No, you’re not in the wrong place and I’m not here to give you a lecture about the nuances Herman Melville’s work, Moby Dick. So what connection does your presence here today have to this great American novel?
In a word, energy. Ishmael, Captain Ahab and the crew of the fictional ship Pequod were part of a global industry largely dedicated to one thing – the pursuit of a critical source of energy … and at that time, of course, whale oil.
And 160 years later, some things just haven’t changed. We’re still engaged in a nearly, in a seemingly endless energy and quest for the pursuit of energy.
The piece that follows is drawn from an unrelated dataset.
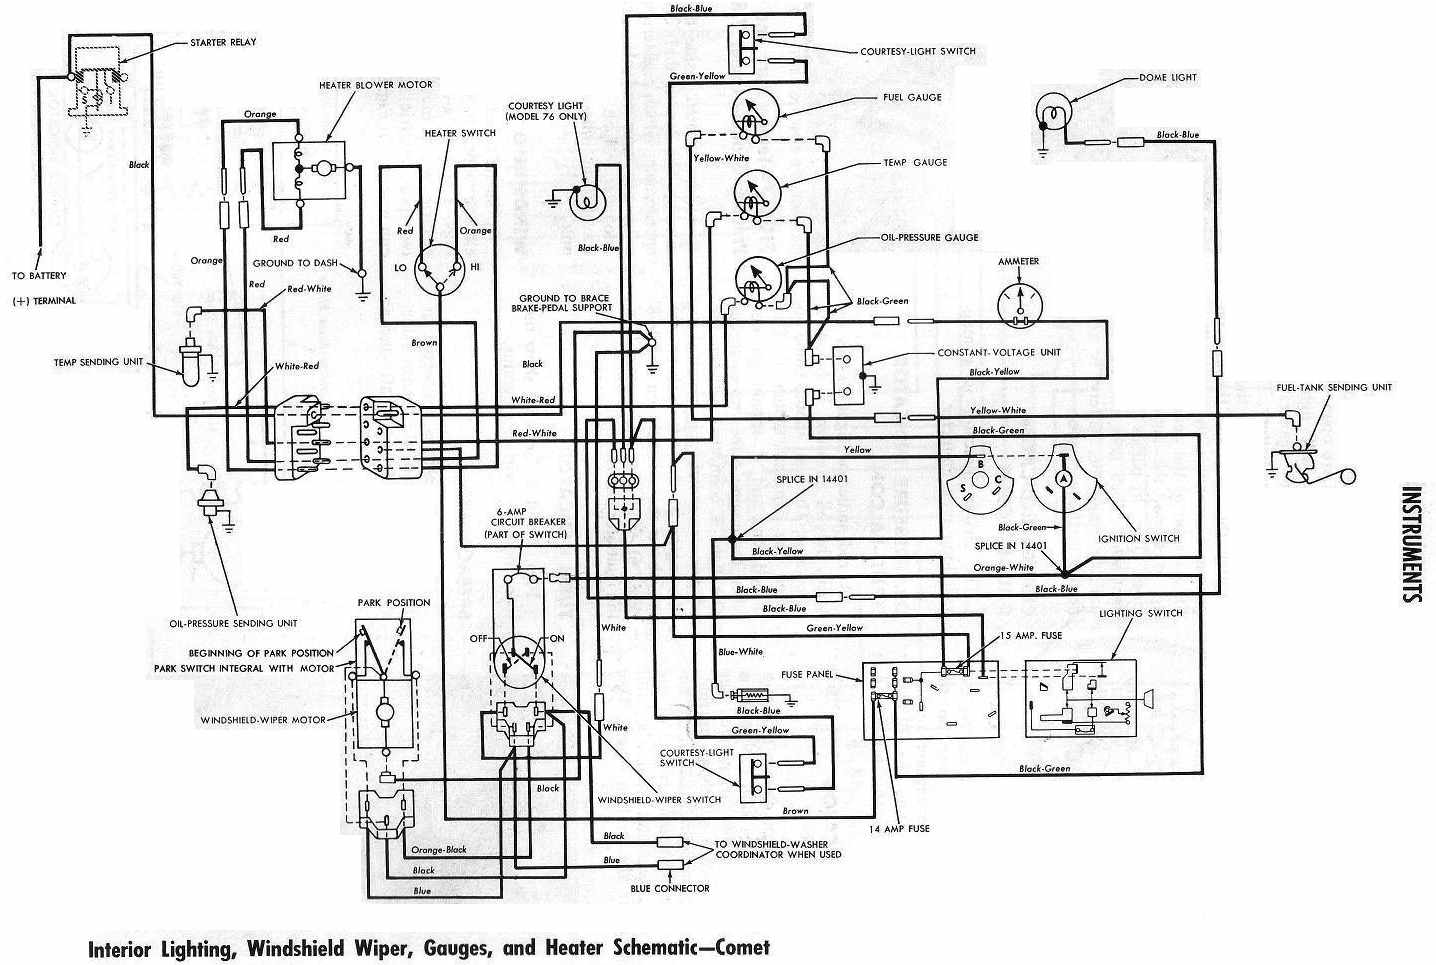 wiring diagram ford falcon au radio with 65  Et Wiring Diagram on Ford Xy Falcon Wiring Diagram Wiring Diagrams further Car Radio Wiring Diagram Pdf besides 507443 1963 Ranchero Wiring Diagram Anyone Got One together with Mach 460 Wiring Diagram as well 1964 Ford Falcon Wiper Switch Wiring Diagram.

So, let me make this point up front: improving our energy security directly translates to improving our national security.
As Chairman, I’m particularly focused on looking beyond current requirements to what the force will need to look like in about a decade. Some of you have heard me speak about Joint Force 2020. Well, in the coming months, you will hear me talking even more about Joint Force 2020 .. and energy efficiency and energy availability must be part of that equation.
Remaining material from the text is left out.